WriterOptions opts = new WriterOptions()
    .statsColumns("id", "score");  // build stats for "id" and "score" columns
// Get stats directly from the writer after close
MosaicWriter writer = new MosaicWriter(baos, arrowSchema, opts, allocator);
writer.write(root);
writer.close();

for (int rg = 0; rg < writer.numRowGroups(); rg++) {
    Map<String, ColumnStatistics> stats = writer.getRowGroupStatistics(rg);
    ColumnStatistics idStats = stats.get("id");
    // use stats for indexing, metadata, etc.
}

The reader can also access per-row-group statistics to skip row groups that don't match a filter predicate:

// Reading stats from the reader
for (int rg = 0; rg < reader.numRowGroups(); rg++) {
    Map<String, ColumnStatistics> stats = reader.getRowGroupStatistics(rg);
    for (Map.Entry<String, ColumnStatistics> entry : stats.entrySet()) {
        String colName = entry.getKey();
        ColumnStatistics stat = entry.getValue();
        long nullCount = stat.getNullCount();
        if (stat.hasMinMax()) {
            byte[] min = stat.getMin();  // big-endian wire format
            byte[] max = stat.getMax();
        }
    }
}

ColumnStatistics

MethodReturnDescription
getNullCount()longNumber of null values
hasMinMax()booleanWhether min/max are available
getMin()byte[]Min value as big-endian bytes (null if all-null)
getMax()byte[]Max value as big-endian bytes (null if all-null)
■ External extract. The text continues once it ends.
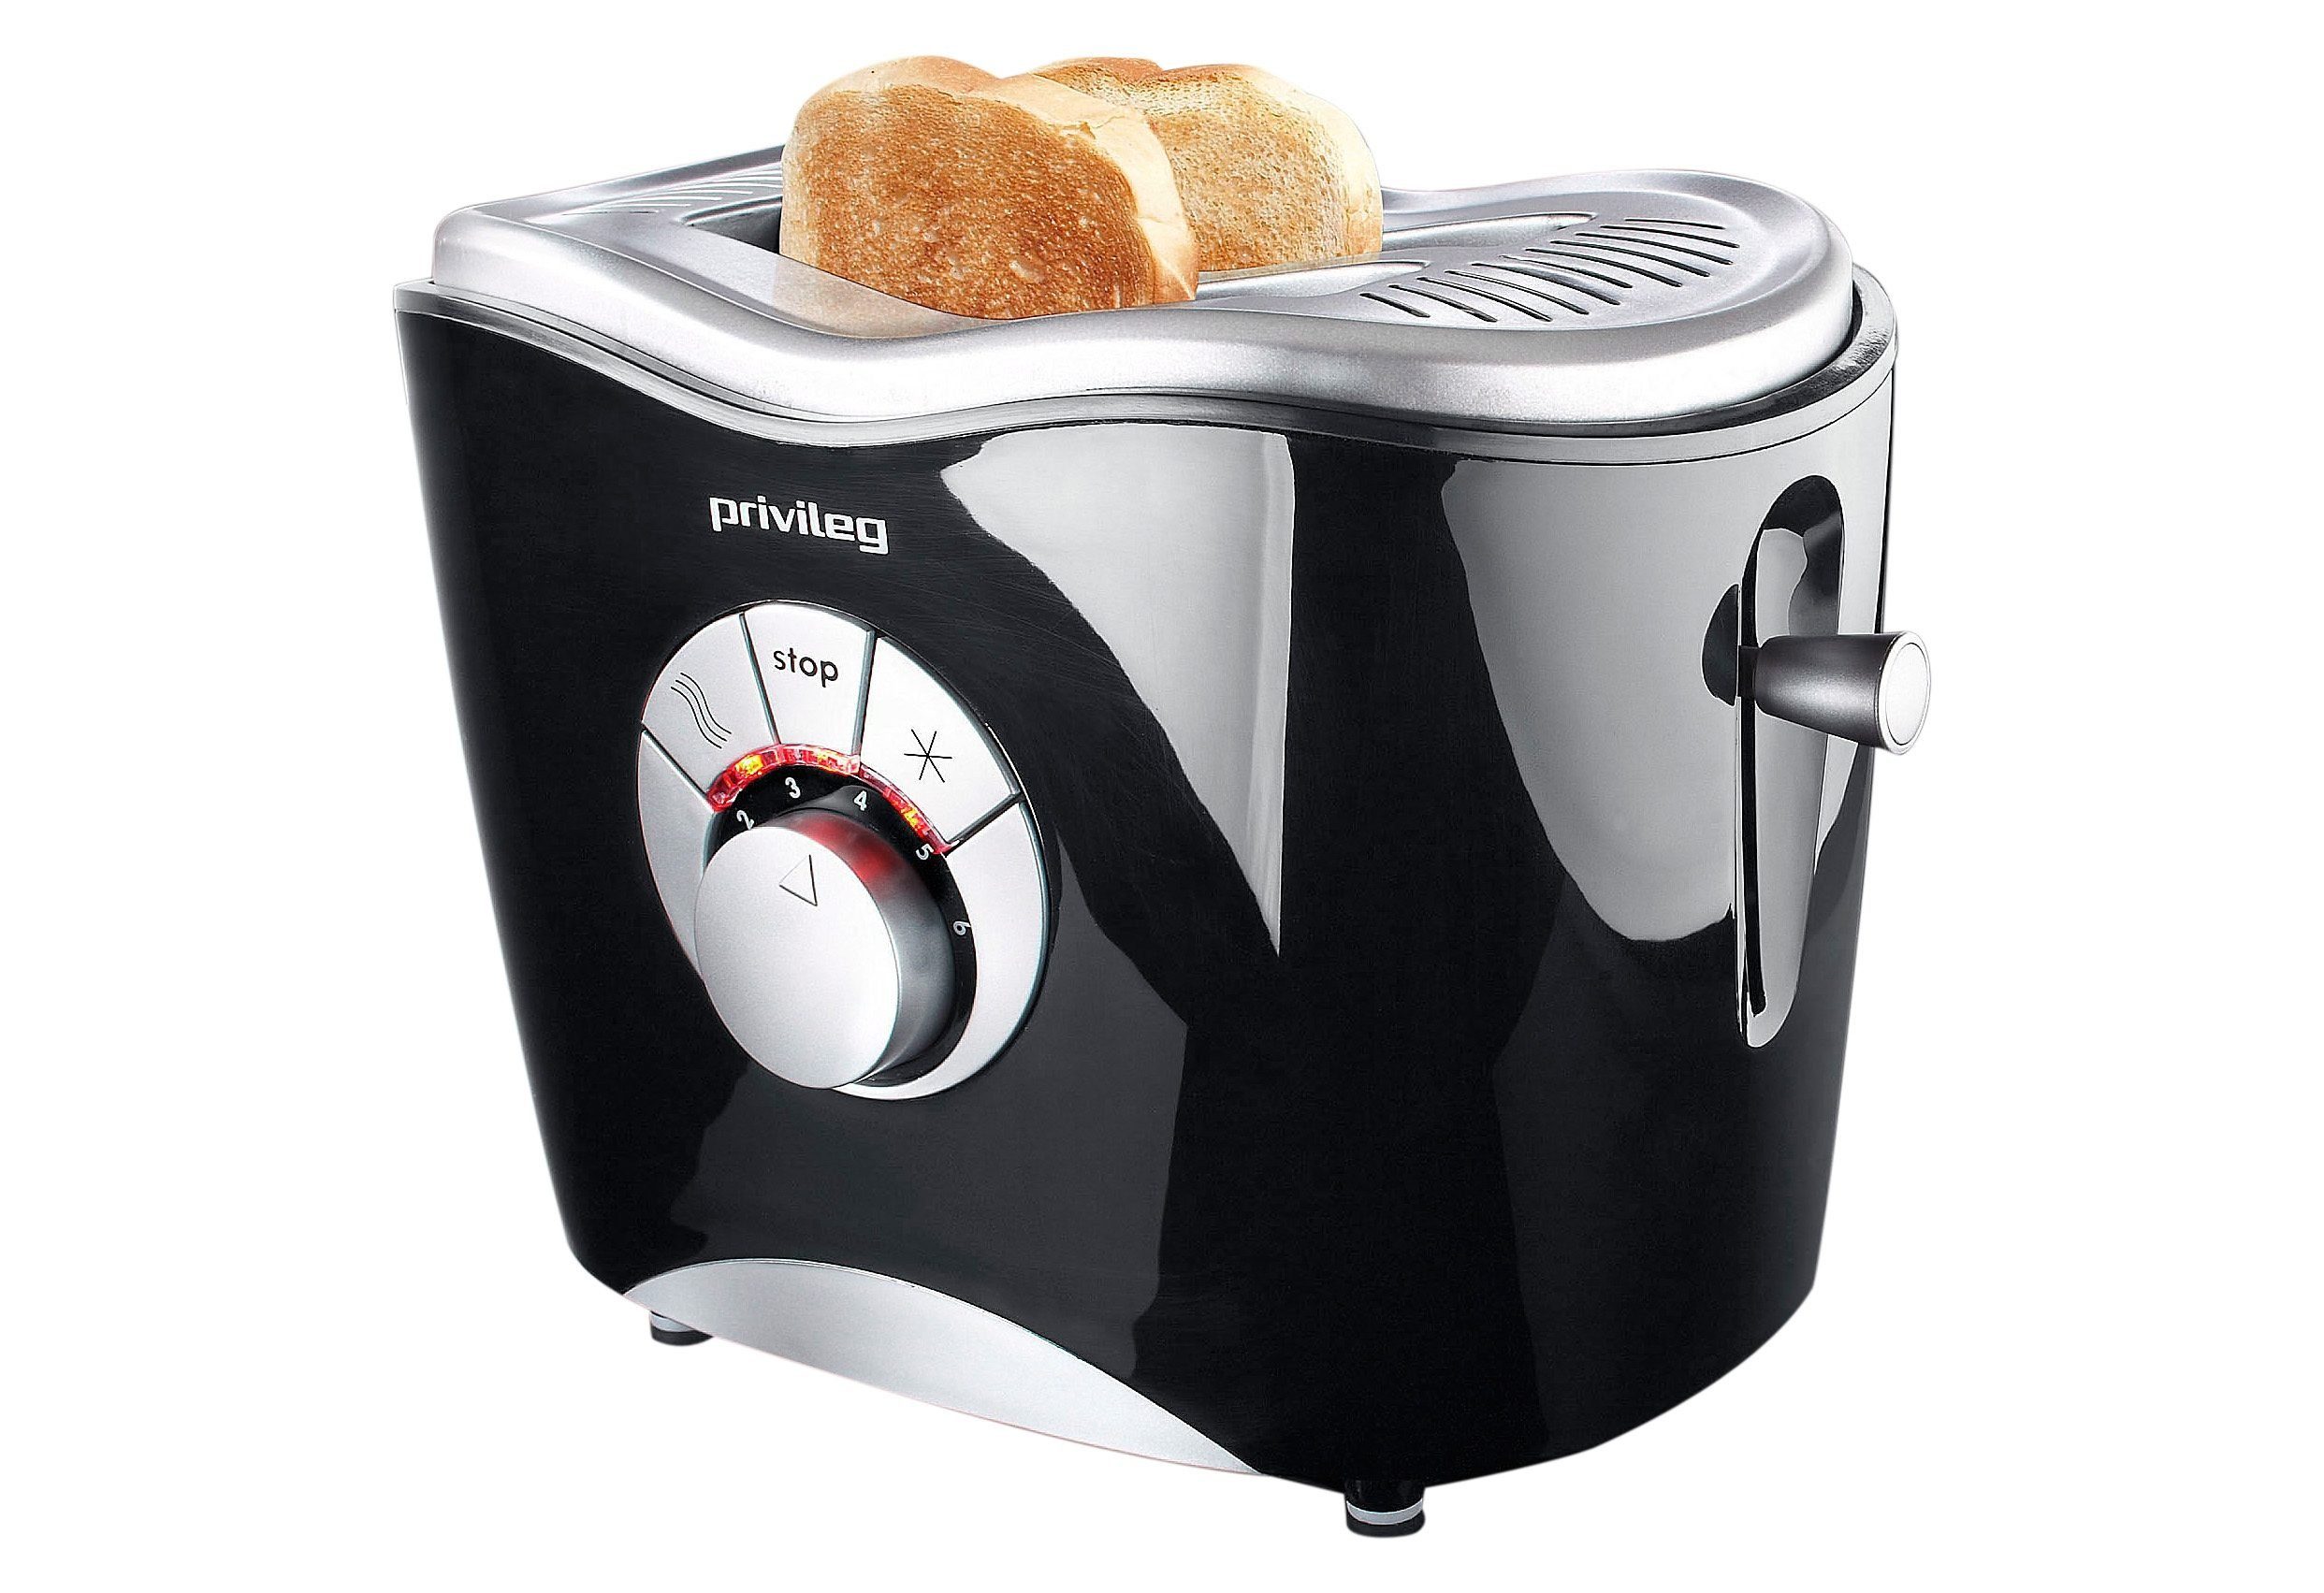 Privileg Toaster für Scheiben, 860 schwarz 2 Schlitze, 2 W, kurze 568811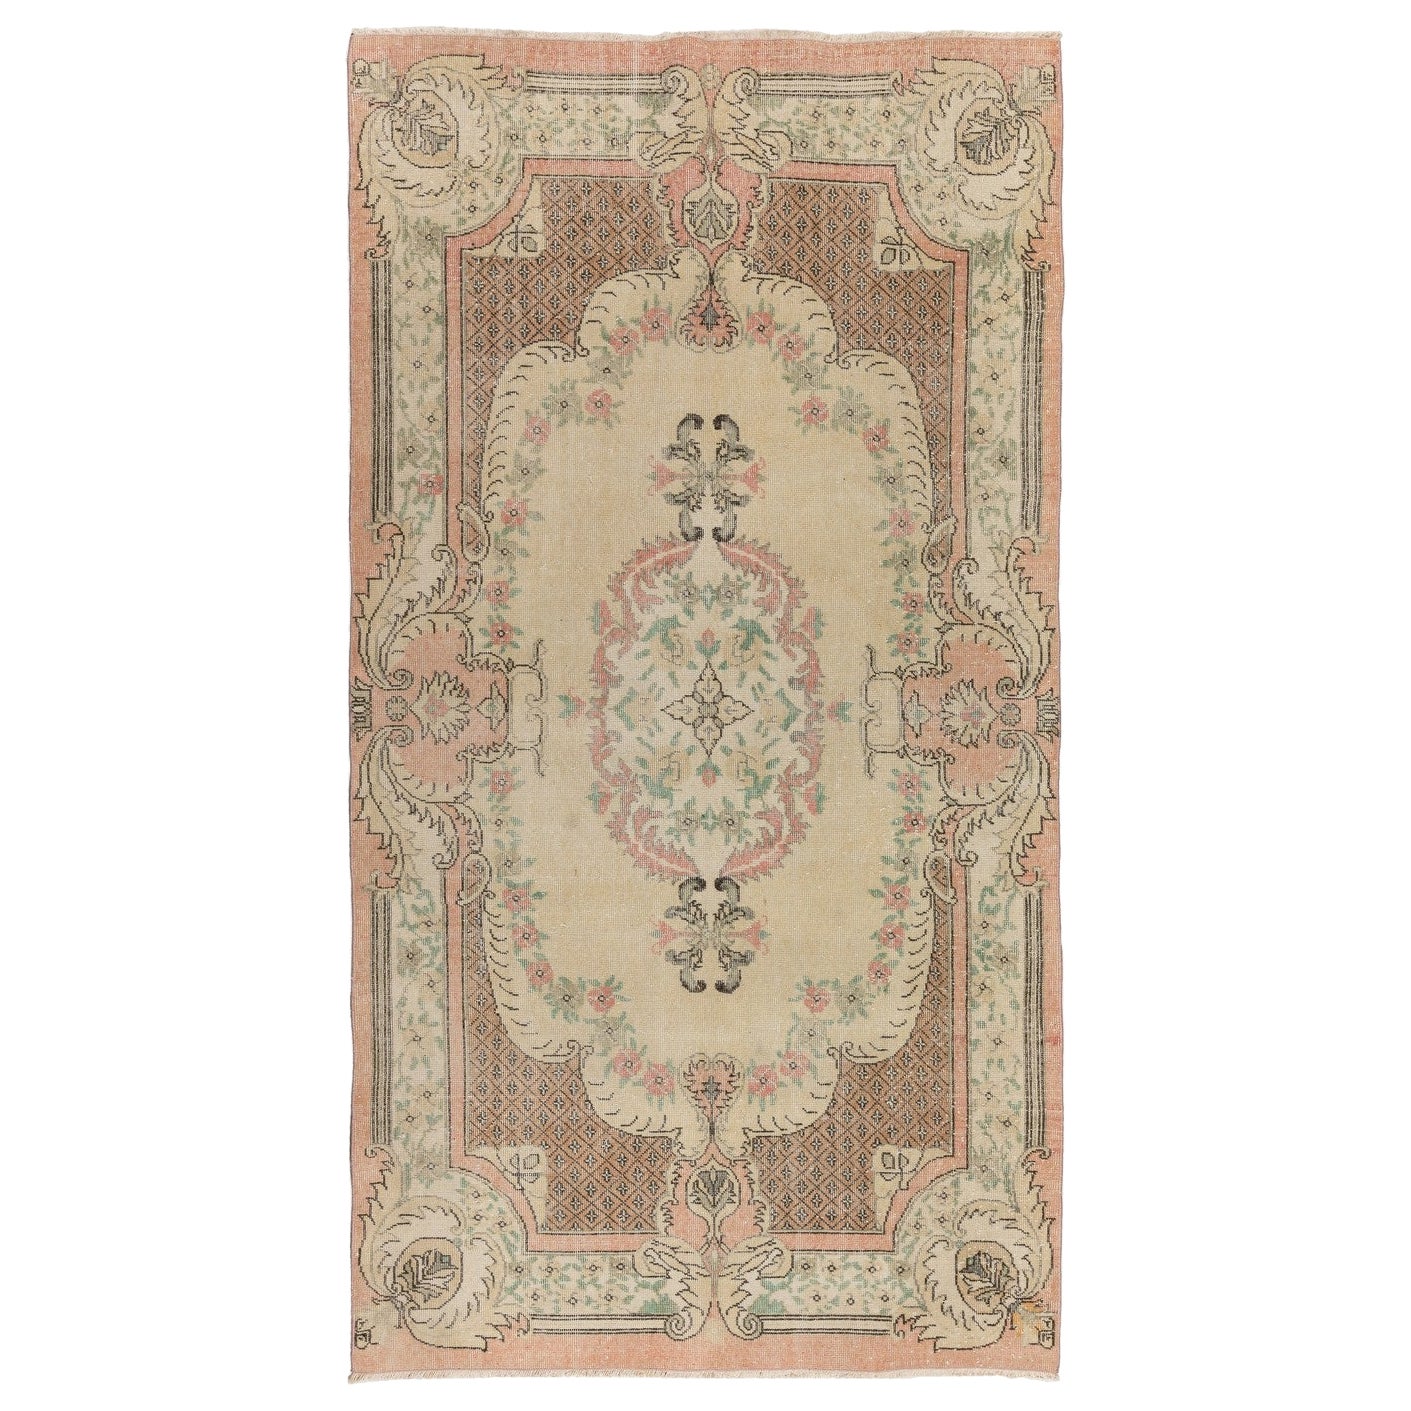 5.6x9.7 Ft Aubusson inspirierter türkischer Vintage-Teppich in Pfirsich & Blassgelb

Min/max values are returned as big-endian byte arrays matching the type's wire format (e.g., 4 bytes for INTEGER, 8 bytes for BIGINT/DOUBLE, raw UTF-8 bytes for STRING).

Complete Example

import org.apache.paimon.mosaic.*;
import org.apache.arrow.memory.*;
import org.apache.arrow.vector.*;
import org.apache.arrow.vector.types.pojo.*;
import org.apache.arrow.vector.types.*;
import java.io.*;
import java.util.*;

// 1. Write
BufferAllocator allocator = new RootAllocator();

Schema arrowSchema = new Schema(Arrays.asList(
    Field.nullable("id", new ArrowType.Int(32, true)),
    Field.nullable("name", ArrowType.Utf8.INSTANCE),
    Field.nullable("score", new ArrowType.FloatingPoint(FloatingPointPrecision.DOUBLE))
));

WriterOptions opts = new WriterOptions()
    .numBuckets(2);

ByteArrayOutputStream baos = new ByteArrayOutputStream();
try (MosaicWriter writer = new MosaicWriter(baos, arrowSchema, opts, allocator);
     VectorSchemaRoot root = VectorSchemaRoot.create(arrowSchema, allocator)) {

    IntVector ids = (IntVector) root.getVector("id");
    VarCharVector names = (VarCharVector) root.getVector("name");
    Float8Vector scores = (Float8Vector) root.getVector("score");

    ids.allocateNew(100);
    names.allocateNew(100);
    scores.allocateNew(100);

    for (int i = 0; i < 100; i++) {
        ids.set(i, i);
        names.setSafe(i, ("user_" + i).getBytes());
        scores.set(i, i * 1.5);
    }
    root.setRowCount(100);
    writer.write(root);
}

byte[] data = baos.toByteArray();

// 2. Read
MosaicReader reader = MosaicReader.open(
    (pos, buf, off, len) -> System.arraycopy(data, (int) pos, buf, off, len),
    data.length,
    allocator);

try (reader) {
    for (int rg = 0; rg < reader.numRowGroups(); rg++) {
        try (VectorSchemaRoot batch = reader.readRowGroup(rg, allocator)) {

            IntVector readIds = (IntVector) batch.getVector(0);
            VarCharVector readNames = (VarCharVector) batch.getVector(1);
            Float8Vector readScores = (Float8Vector) batch.getVector(2);

            for (int i = 0; i < batch.getRowCount(); i++) {
                System.out.printf("id=%d name=%s score=%.1f%n",
                    readIds.get(i),
                    new String(readNames.get(i)),
                    readScores.get(i));
            }
        }
    }
}
Column ordering Columns are stored on disk in name-sorted order for compression. The reader returns columns in the original input order by default. Use project() to select and reorder output columns.
Resource management All Mosaic Java objects (MosaicWriter, MosaicReader) implement AutoCloseable. Use try-with-resources to ensure native memory is freed promptly. VectorSchemaRoot from readRowGroup() should also be closed when done.